# New user from Europe



## RaceTec (Jul 11, 2010)

Hi Im from Spain and I have a nissan 200sx s14a 1997

Im interested in buy a pair of headlamps from 240sx kouki or s14a or i dont know how name in USA XD

like this










I will pay by Paypal the Headlamps and the shippment cost, somebody have headlamps on sale?

thanks

sorry for my english, I dont use the google translator to no looklike a swindler

P.D. como se que hay mucho Hispanoparlante en america, lo pongo tambien en Castellano por si alguien me entiende y puede ayudarme

tengo un Nissan 200sx s14a en España, pero aqui no hay apenas repuesto usado y el poco que hay cobran casi a precio de nuevo, por eso me interesaria comprarlo en USA, no compro en Europa porque los faros de Inglaterra no me valen y los de los demas paises parecido que en España, poco y caro

un saludo y espero no molestar


----------



## trmn8r (Apr 16, 2005)

pues no es facil conseguir esos aqui usados pero yo puedo preguantar a unos amigos aqui. talves ellos tienen un par extra o alguen que los puede conseguir. solo necesitas los focos.


----------



## RaceTec (Jul 11, 2010)

si solo los focos (headlamps) 

gracias un saludo


----------



## Shadao (Aug 14, 2007)

i hope my english isnt too difficult for you to read...

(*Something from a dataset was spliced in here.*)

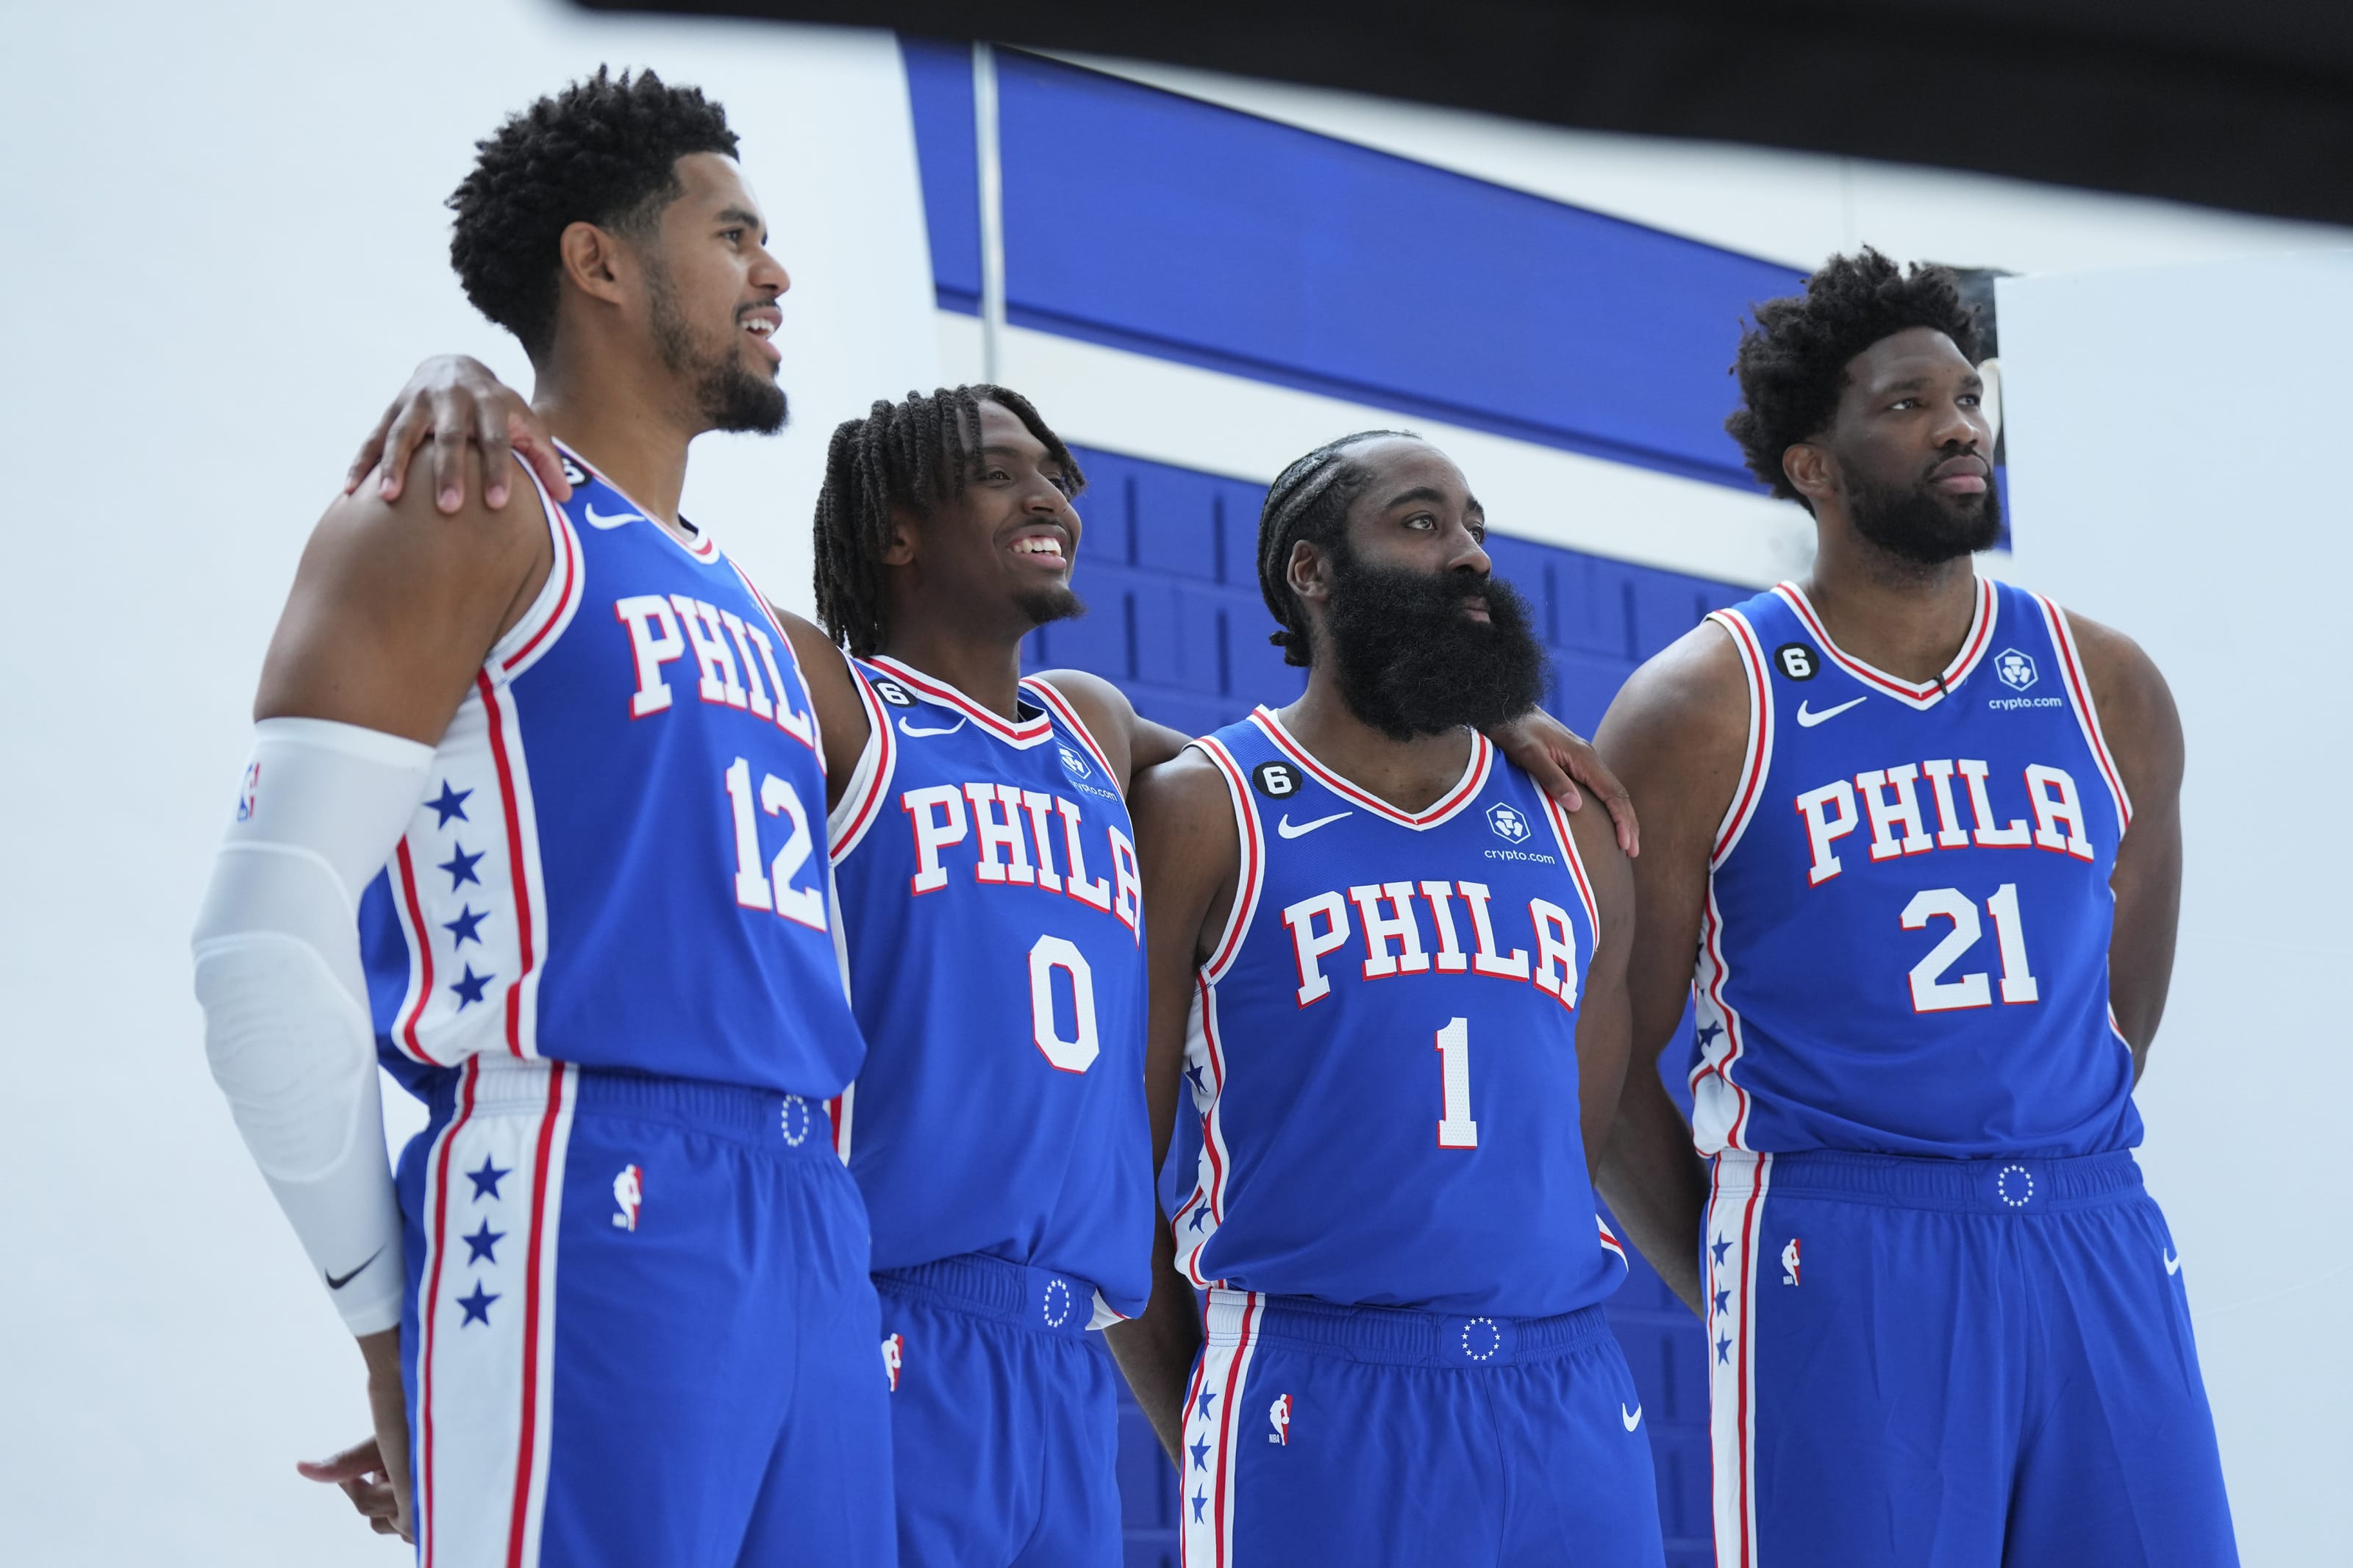 MMH NBA Power Rankings: October 2021 Edition - Music Movies & Hoops
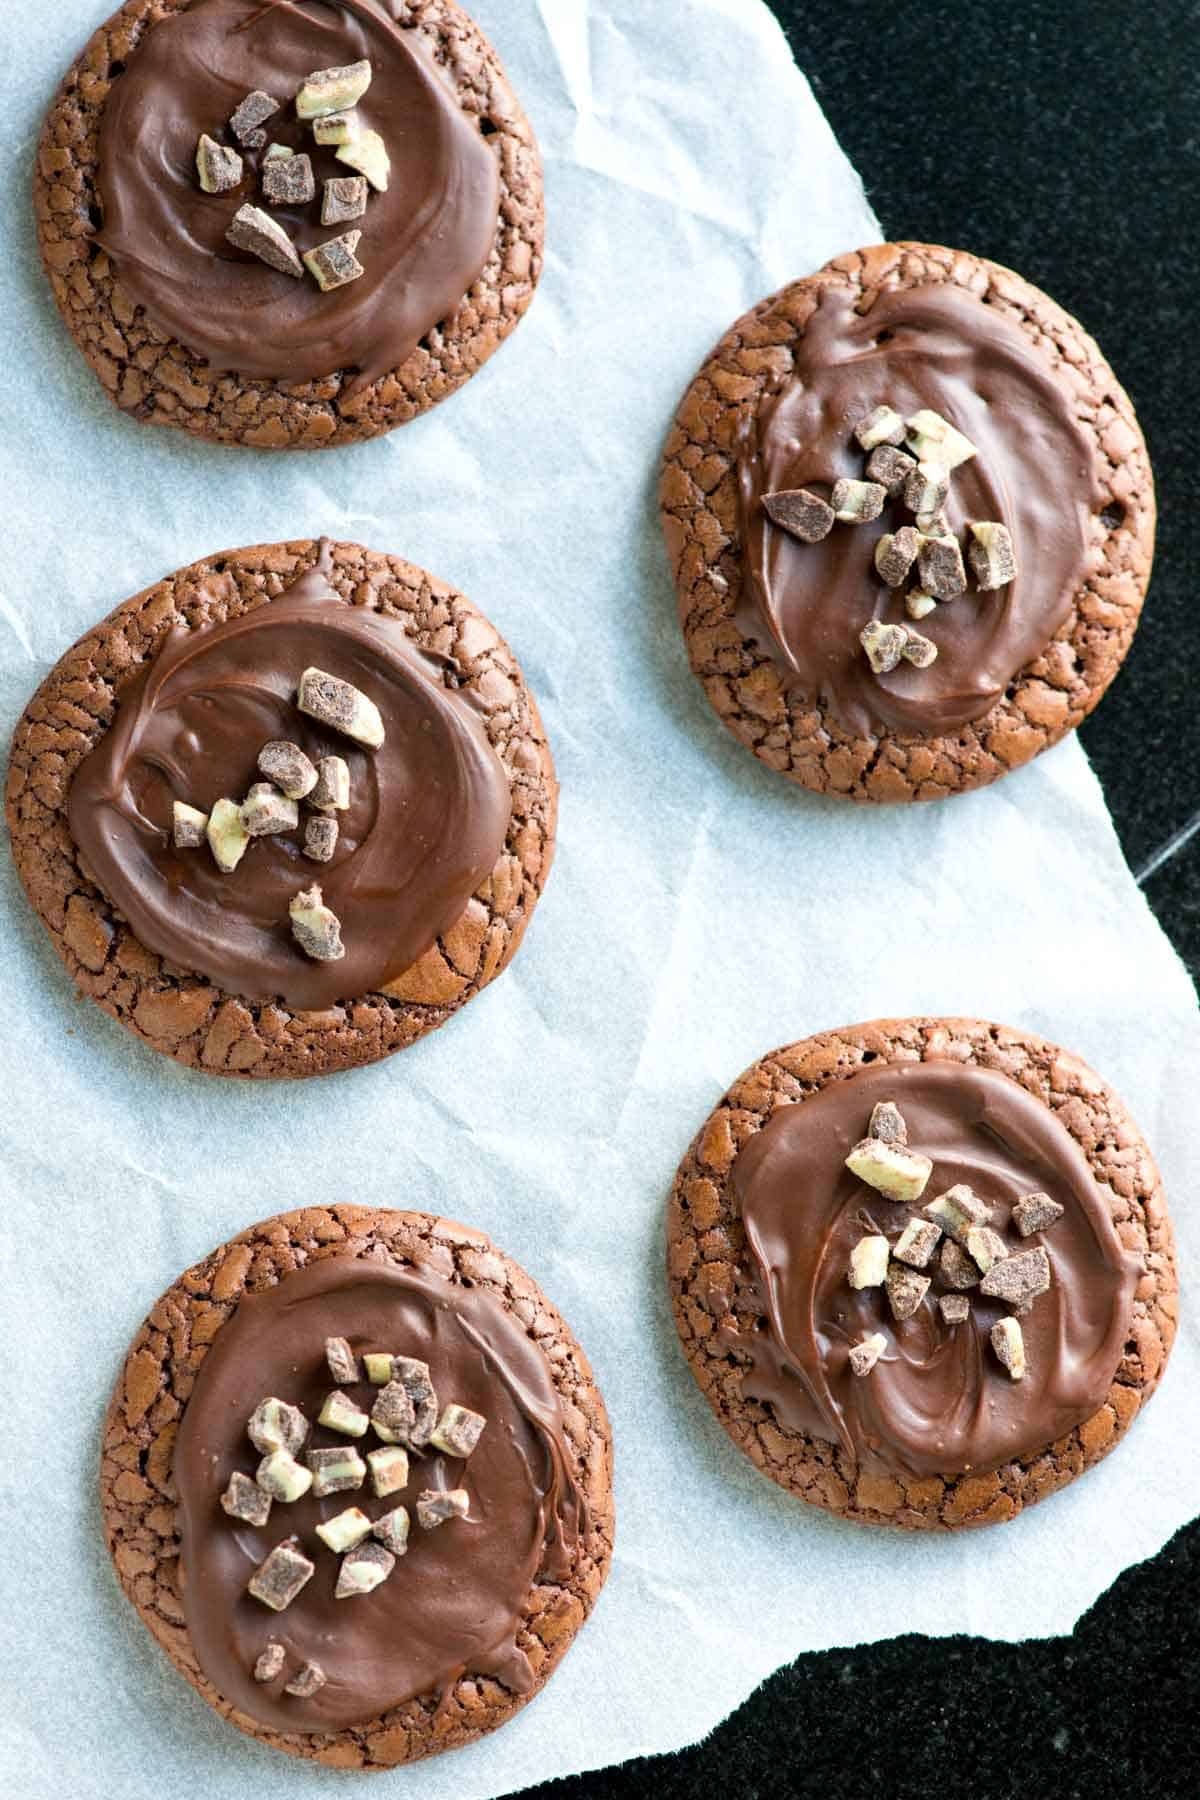 How to Make Mint Chocolate Cookies

have you thought about purchaseing these headlights from japan? it might be easier, quicker, and cheaper for you...

try feast auto export... talk to adam if you can, hes a very good parts supplier based in japan and i get my parts from him and im in canada... he speaks japanese and english but with todays translators the language barrier shoudlnt be too much of a hassle...


----------



## RaceTec (Jul 11, 2010)

Shadao said:


> i hope my english isnt too difficult for you to read...
> 
> have you thought about purchaseing these headlights from japan? it might be easier, quicker, and cheaper for you...
> 
> try feast auto export... talk to adam if you can, hes a very good parts supplier based in japan and i get my parts from him and im in canada... he speaks japanese and english but with todays translators the language barrier shoudlnt be too much of a hassle...



i understand all thanks, my problem is when i must speak or write...

adam is a member of this forum?i will search he

i dont use the transaltors because, i dont know in usa but in spanish forums sometimes appears new ussers from other countrys using translators and they are swindlers, and to not look like they i preffer use my bad english


----------